Clinical Trial: Response to Diaphragmatic Pacing in Subjects With Pompe Disease

Study Status: Recruiting
Recruit Status: Recruiting
Study Type: Observational

Official Title: Response to Diaphragmatic Pacing in Subjects With Pompe Disease

Brief Summary: The purpose of this study is to determine the effect of diaphragm pacing on respiratory function in subjects with Pompe disease by evaluating the duration and pattern of spontaneous respiratory function versus paced ventilation respiratory function in patients with Pompe disease who have received the NeuDx Diaphragm pacer (DPS).

Detailed Summary:

Subjects with Pompe disease who are scheduled to receive a NeuRx Diaphragm pacer (DPS) will be invited to participate in this study. The following tests will be performed during participation in the study:

  1. Forced expiratory tests
  2. Maximal Inspiratory Pressure (MIP)
  3. Resting Breathing Pattern
  4. Phrenic Nerve Function Evaluation with EMG
  5. Severe Respiratory Insufficiency Questionnaire
  6. Magnetic stimulation
  7. Diaphragm conditioning consisting of:

    1. The external stimulator settings
    2. The duration of diaphragm stimulation
    3. Off-ventilator spontaneous breathing (SB)

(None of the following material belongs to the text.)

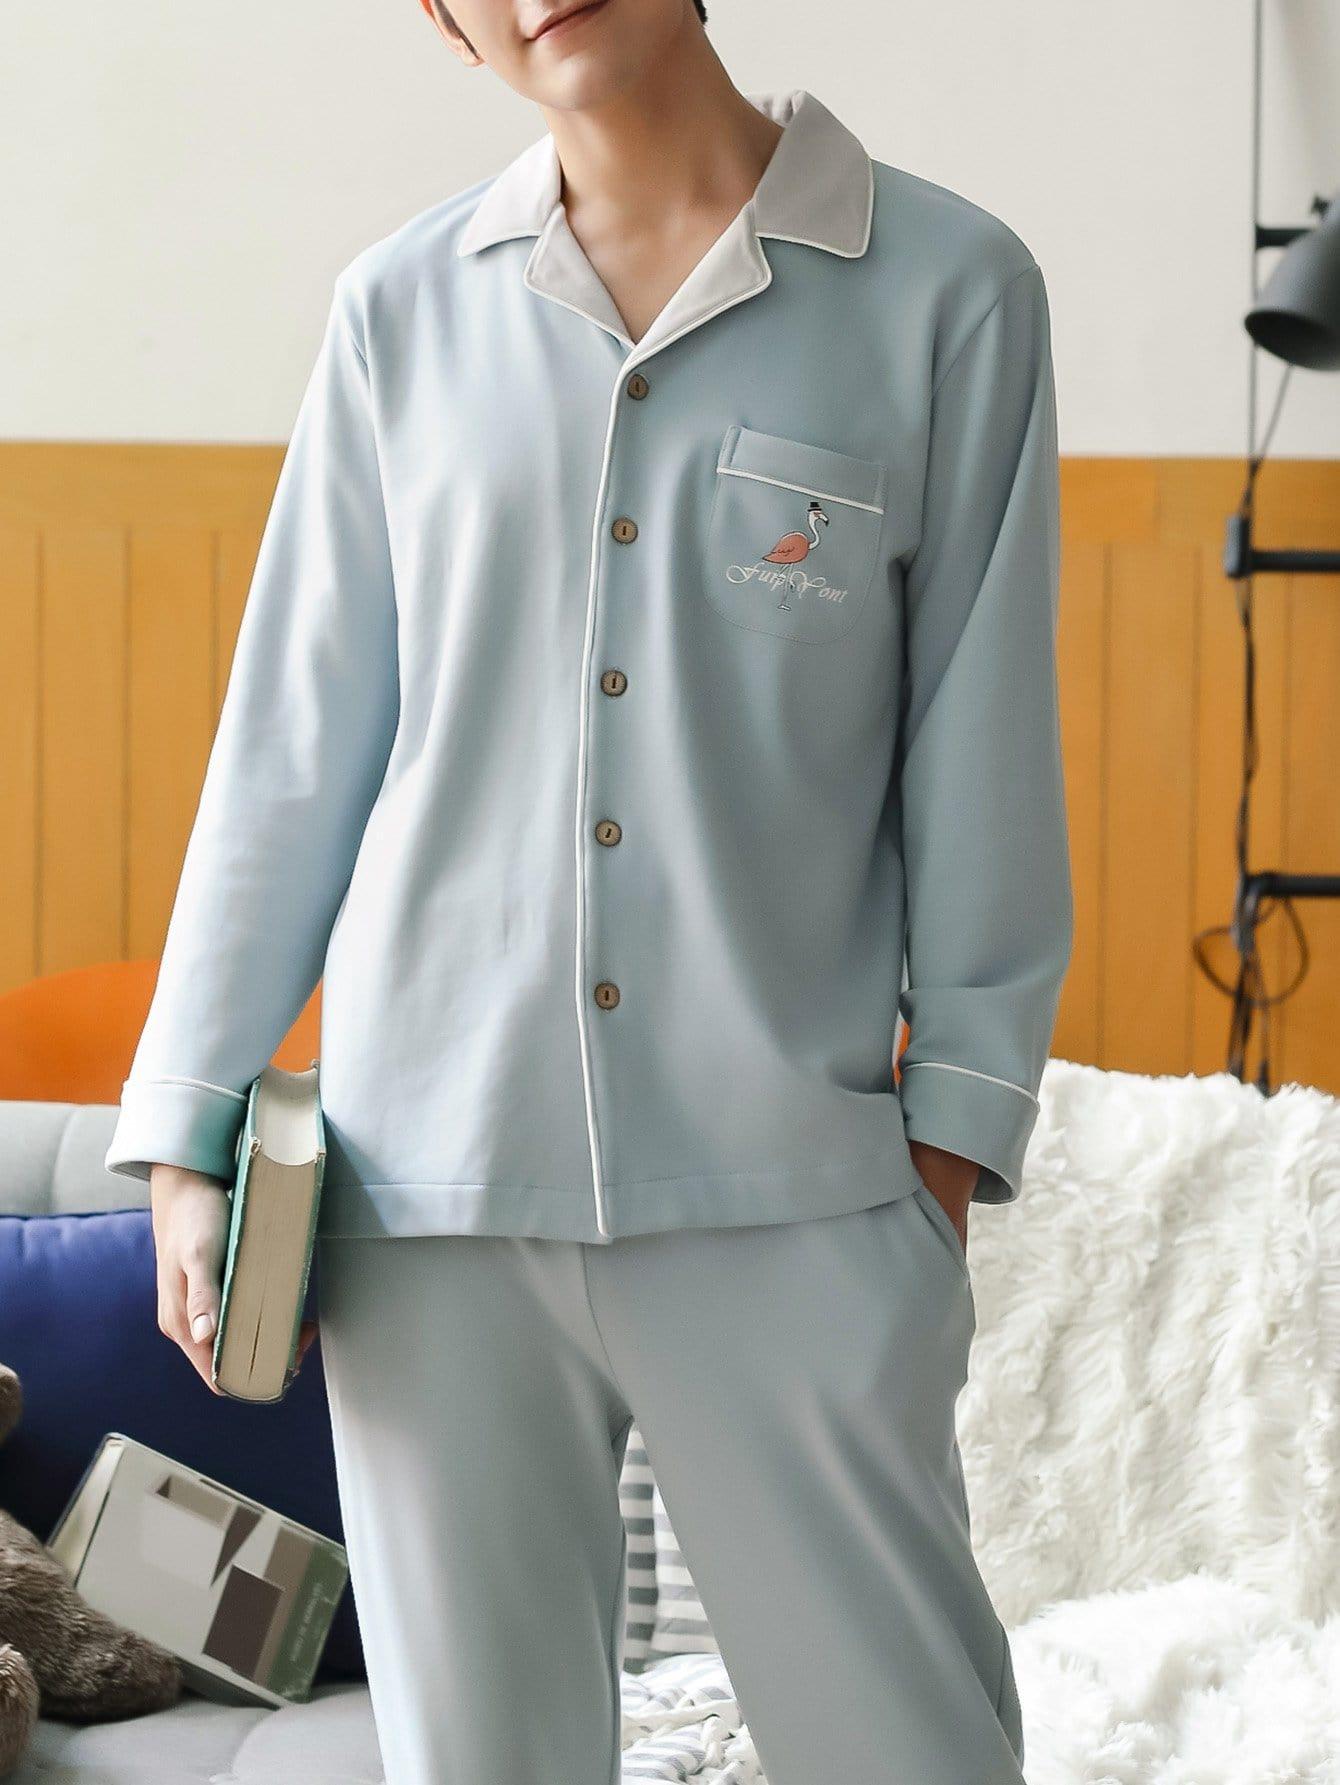 Купить Комплект пижамы с рисунками фламинго для мужчины, null, SheIn

Sponsor: University of Florida

Current Primary Outcome: Change in off-ventilator spontaneous breathing (SB) at Baseline, Day 3, 14, and 180 [ Time Frame: Change from Baseline to Day 3, 14, and 180 ]

The patient will undergo an initial trial of unassisted breathing with the diaphragm pacer turned on. The duration of SB with pacing will be increased to tolerance, using a protocol. If the patient cannot initially complete at least 30-minute bouts of paced SB, then the focus of breathing trials will be to breathe with reduced support from the mechanical ventilator.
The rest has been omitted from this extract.